Abstract

Tumor angiogenesis is essential for tumor growth and tumor metastasis, and it depends on angiogenic factors produced by tumor cells and/or infiltrating cells in tumor tissue. In this study, we evaluated the clinical significance of the expression of angiogenin, which is a potent angiogenic protein, and the relationship between its mRNA expression and focal macrophage infiltration in colorectal cancer. Furthermore, we investigated the induction of angiogenin mRNA expression by proinflammatory cytokines mainly produced by inflammatory cells in tumor tissues. When we examined the relationship between the mRNA expression of angiogenin, by semiquantitative reverse transcription-PCR, and clinicopathological features in 65 patients with colorectal cancer, there was a significant difference in the vascular involvement, lymph node metastasis, liver metastasis, and advanced stage in patients with high-expression of angiogenin compared with low expression (P < 0.05). With regard to prognosis, the survival time for subjects in the high angiogenin mRNA group (tumor:normal ratio >1.9) was significantly worse (P < 0.05).

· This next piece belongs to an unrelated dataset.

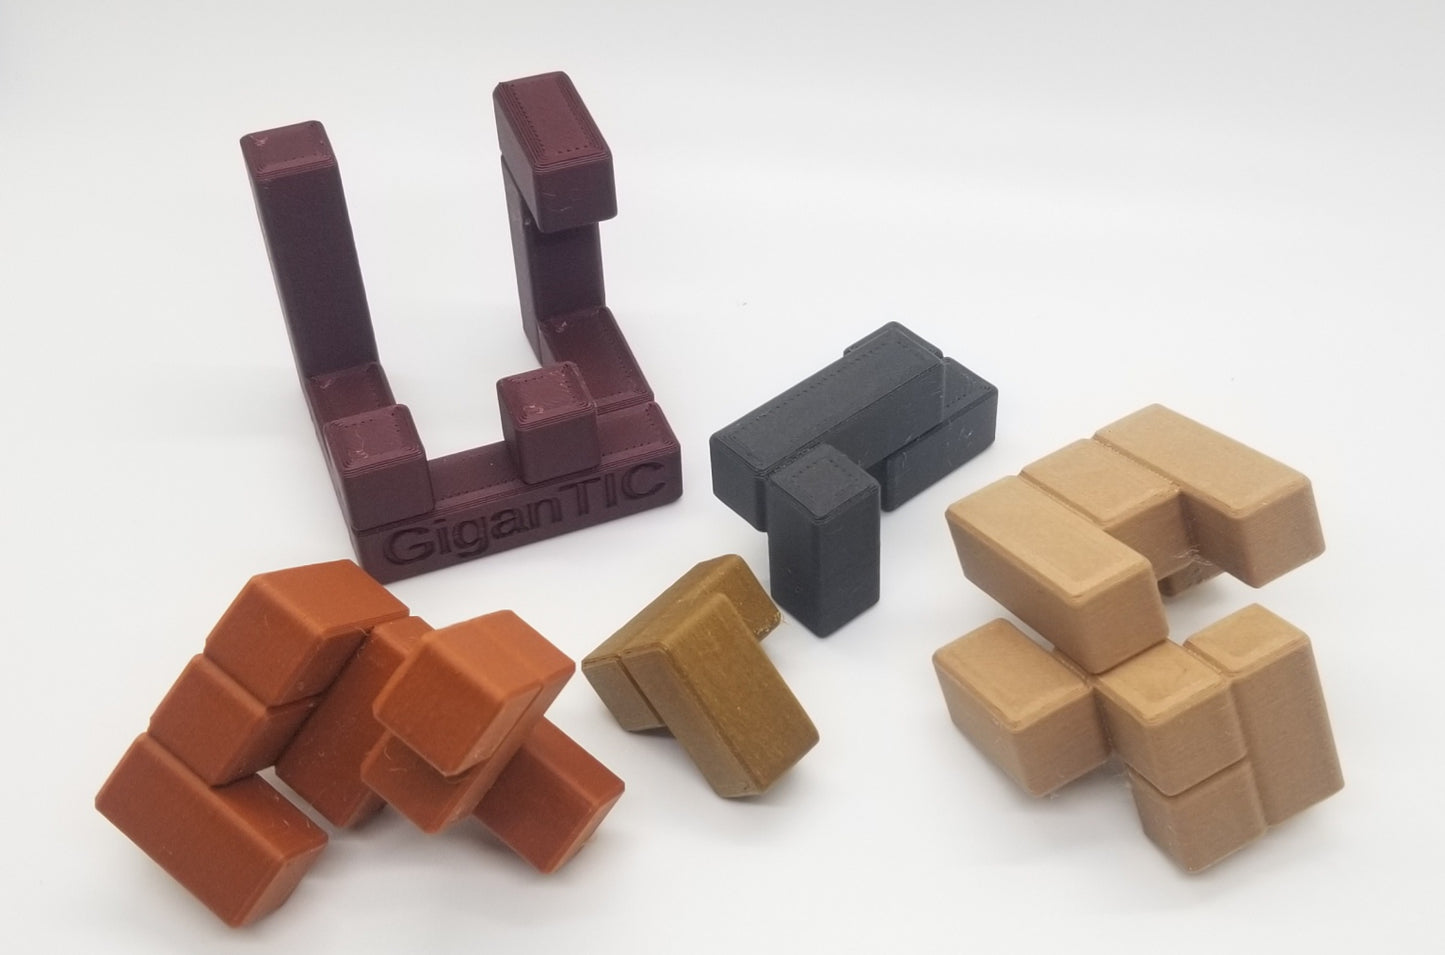 GiganTIC - 3D Printed Wood Filament Puzzle

When we examined the localization of angiogenin in colorectal cancer, immunohistochemical analysis in 65 patients with colorectal cancer revealed that angiogenin was predominantly expressed in cancer cells compared with stromal cells or normal tissues. The intensity of staining of angiogenin was significantly correlated with microvessel counts and focal macrophage infiltration counts (P < 0.05). In an in vitro study, interleukin-1beta and tumor necrosis factor-alpha induced angiogenin mRNA expression in colon cancer cells in a dose- and time-dependent manner, and these cytokines significantly upregulated the expression of angiogenin mRNA, especially in colon cancer cells rather than in other cells in the stroma of tumor tissues (fibroblasts, tumor infiltrating lymphocytes, macrophages). These results suggest that tumor angiogenesis in colorectal cancer may be advanced, at least in part, by angiogenin induced by proinflammatory cytokines derived from infiltrating macrophages.